Another previous paper by the group showed the contribution of tapirs and peccaries to plant diversity and abundance as confirmed by the latest study.
Also in October, an article signed by Villar and Patrícia Medici, a Brazilian conservation biologist who focuses on tapirs, showed that diversity loss was lower in Atlantic Rainforest areas used by these animals than in areas from which they are excluded, highlighting the importance of their conservation and reintroduction to combat the global decline in forest biodiversity.
Medici founded and leads the Lowland Tapir Conservation Initiative, (Incab), which has the world’s largest database on the species. She won the 2020 Whitley Gold Award, awarded by the Whitley Fund for Nature to support grassroots conservationists in the global South.
Method
To analyze the effects on tropical plant communities and primary productivity, the group conducted a number of exclosure experiments in two areas of Atlantic Rainforest. Exclosure experiments are designed to determine how areas develop if animals are excluded, in terms of biodiversity, vegetation height and ecological characteristics, among other factors.
The researchers set up experimental plots to exclude medium- and large-bodied mammals in a non-defaunated and defaunated forest area. Both sites are located in the northern portion of the Serra do Mar State Park in São Paulo State. They are about 15 km apart, and a heavy-traffic highway (BR-383) runs between them.
Fifteen pairs of plots were set up at every site, with one open plot for control and one exclosure plot. Each plot measured measured 5 m x 3 m. Damage to artificial seedlings, seedling recruitment, plant biomass and species richness were measured in three subplots with an area of 1 sq. m. every six months. Forest structure was measured in a 10 m radius from the center of the experimental plots.
This design permitted dual control, so that the landscape-scale consequences of the functional loss of large mammalian herbivores could be compared in defaunated areas (without tapirs or peccaries) and control areas (where both species were present). The researchers found that small animals such as agoutis (Dasyprocta spp.), Collared peccaries (Pecari tajacu), brocket deer (Mazama spp.) and pacas (Cuniculus spp.) did not affect the ecosystems as much as tapirs and large peccaries.
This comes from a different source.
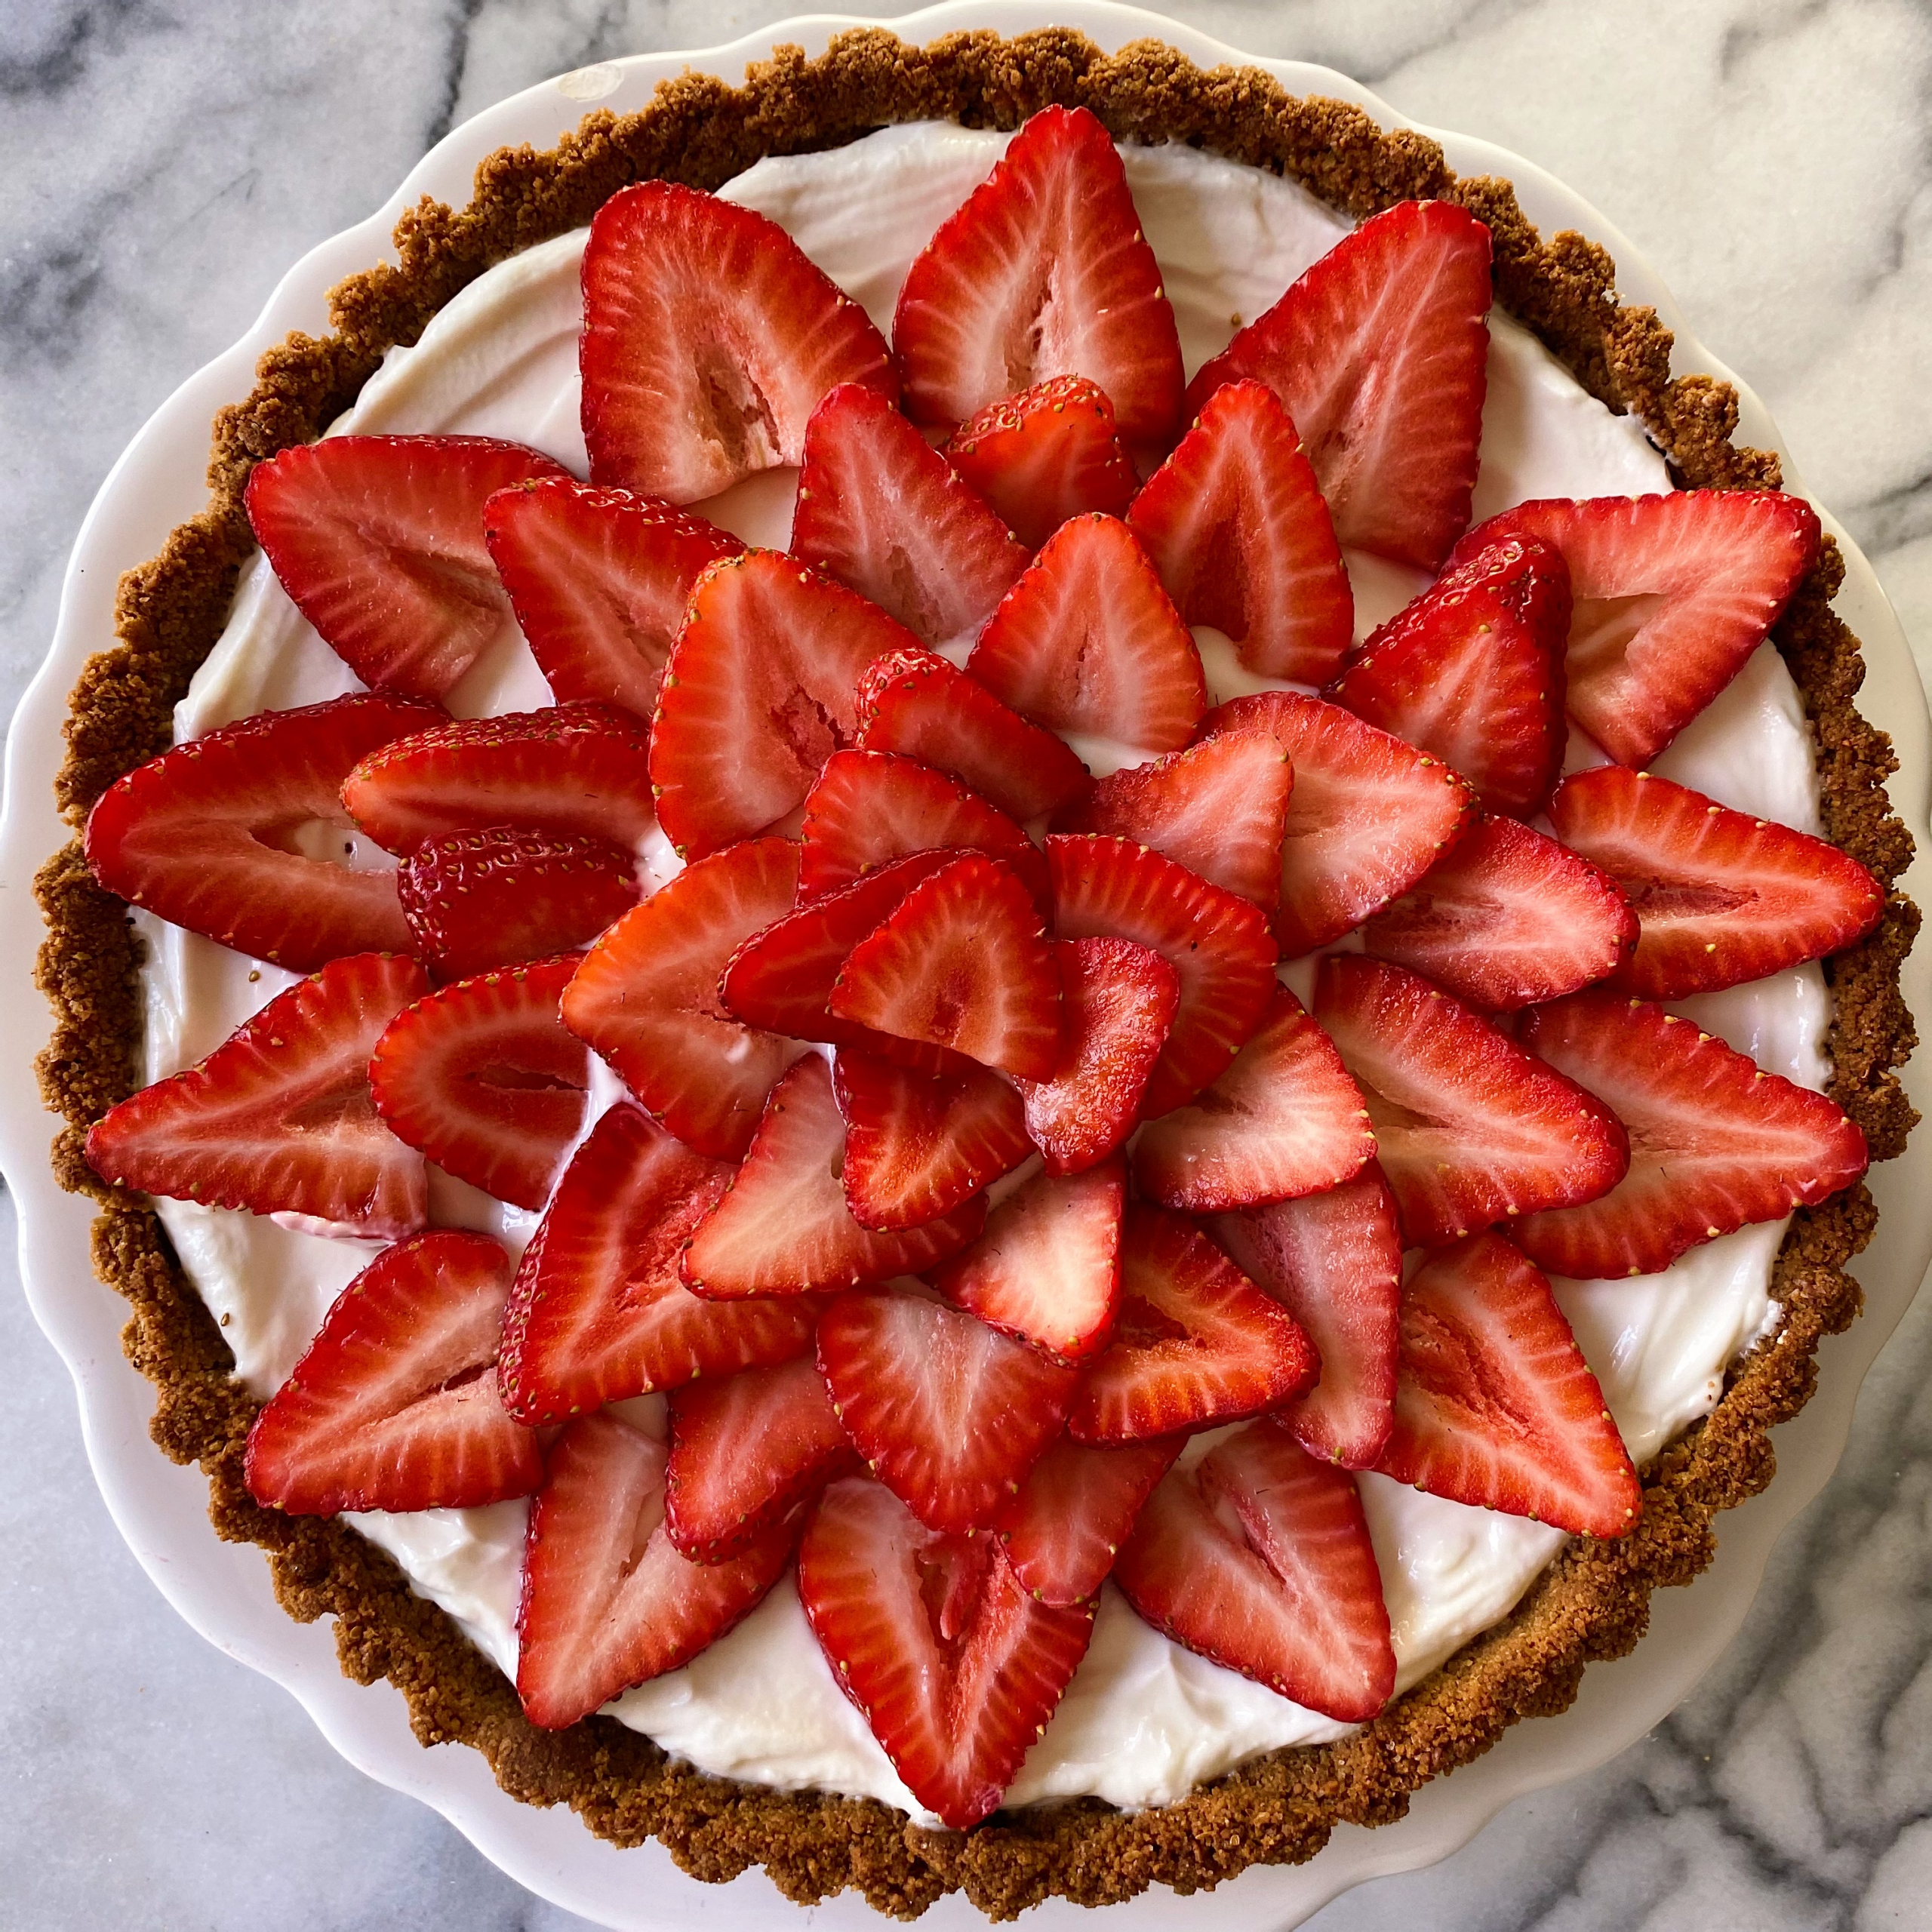 gluten-free Simple Strawberry Tart yogurt filling www.healthygffamily.com

“In the article, we stress spatial aspects more than temporal ones, showing how the animals structure primary productivity and the forest spatially, not how communities diverge over time,” Villar said.
According to the study, large herbivores had positive and negative effects on the spatial structure of plant communities, as a result of their interactions with palms in non-defaunated forest areas. In defaunated areas, however, they did not have consistent effects on plant recruitment or species richness across the gradient of palm density, although they did have consistently negative effects on seedling productivity.
Analysis of camera trap data pointed to a key role by T. peccari in modulating plant recruitment and seedling productivity, while T. terrestris significantly increased plant diversity, hence playing a functionally complementary role.
According to Villar, next steps for the research line will entail analyzing the influence of large mammals on these cycles, on the links between, soil, understory and canopy, on the vertical and horizontal structure of the forest, and on other important functional groups, such as invertebrates and pathogens.